One of the things I spend a lot of time doing is teaching queer women how to have happy relationships. And one of the things I see over and over again is that how we act in unhealthy ways in relationships are exactly the same as how we act in unhealthy ways in communities - except that in communities the damage is magnified. And from my perspective, there are things to learn here. So I'm going to outline four principles for healthy community communication - principles that will help us move forward. If we don't practice these principles, we and our allies will remain mired and paralyzed.
These principles are based on science, and on what we know about how people can successfully relate to one another. These are also informed by Buddhist principles.
First, don't speak or act when you are triggered. There is real science here. When we are triggered, a part of our brain called the Amygdala is activated. And when it is activated, a process called "Amygdala Hijack" happens, and it literally hijacks signals that are going to your pre-frontal cortex - your smart brain. You literally cannot think, even when you think you are thinking. Remember the litany from Dune, that starts with "Fear is the mind killer." It is, literally.
So often in activist communities and conversations, we're triggered, and speaking and acting from that triggered place. In relationships, this means fights, or processing that gets nowhere, and resolves nothing. You know what this means in conversations in community and activist circles.

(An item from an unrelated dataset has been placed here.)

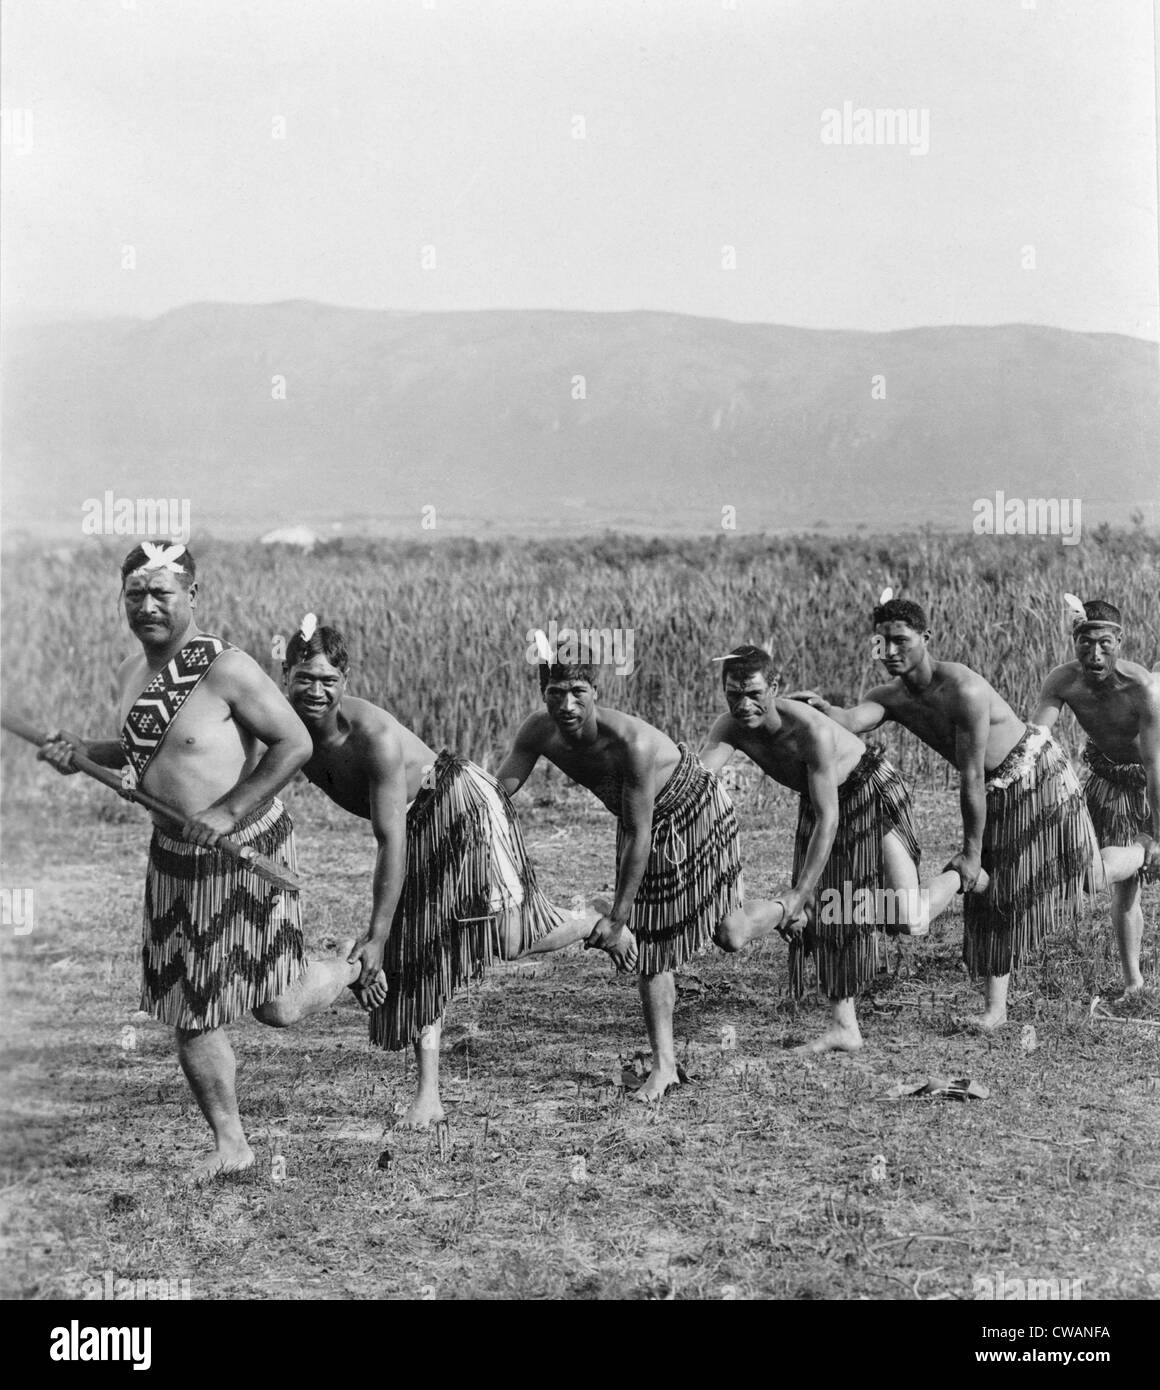 Five Maori men posing in traditional clothing doing haka dance. The dance of the New Zealand natives employs facial distortions Stock Photo

Second, speak and act with self-responsibility. Our emotions, whether they be fear, sadness, or anger are OURS. They were perhaps triggered by something someone said or did, or things that have happened, but our emotions are still ours, and we need to take responsibility for them. No one else can create those emotions, and no one can take them away. Only we can deal with them.
Third, speak and listen cleanly. By speak cleanly, I mean speak without blame (or self-blame,) shaming, criticism or defensiveness. At some point in the culture of the left it became de rigeur to shame people who you didn't agree with. I don't know when or where it started (the 80s?) but it has become the way we talk to each other when we don't agree. And, I think as pretty much everyone has witnessed, it is completely unhelpful, and generally results in alienation. (And, in the relationship context, not speaking cleanly ends relationships.)
Listening cleanly means a couple of things. It means not making assumptions about actions and words, and also noticing our own habitual triggers. One really helpful tool that we teach a lot is to use a set of questions developed by Byron Katie. If someone says or does something, and we think, for instance, that they had an intent to obstruct, we might ask, 1) Is it true that they were trying to obstruct? 2) Do we absolutely know that this is true? 3) What does believing this bring up for us emotionally? and 4) Who would we be (or how would it be) without believing that they meant to obstruct? It can also mean assuming good intent.
Give actionable, specific requests. When an ally does something, often times the response is something like "that's not enough" or "that's just perpetuating the problem," or what have you. But it actually doesn't help an ally figure out what to do - it generally alienates them. Instead, if in response, you gave a specific actionable request, that's much more likely to have a useful result.
For example, if you really don't think that wearing a safety pin means anything, you could say something like, "I appreciate that you are trying to make a statement of solidarity with that pin. What I would really like it if alongside that, you'll come to our meeting on Monday where we discuss specific actions we'll be taking." Or something of that nature.
Now I can already hear the objections to all of this. I will be accused of tone policing, for one. And I also know that many people feel that it is not our job to educate allies on what to do. And I'm sure I'll hear many others. You've heard the definition of insanity is doing the same thing and expecting different results. If we can't figure out how to come together as allies wanting the same kind of inclusive, equitable society infused with compassion and love, we are going to get mowed down by the right, and I refuse to watch that happen.
Using these four principles in our conversations about what to do and where to go from here takes learning some skills, but they aren't hard to learn, and there are many teachers, me among them.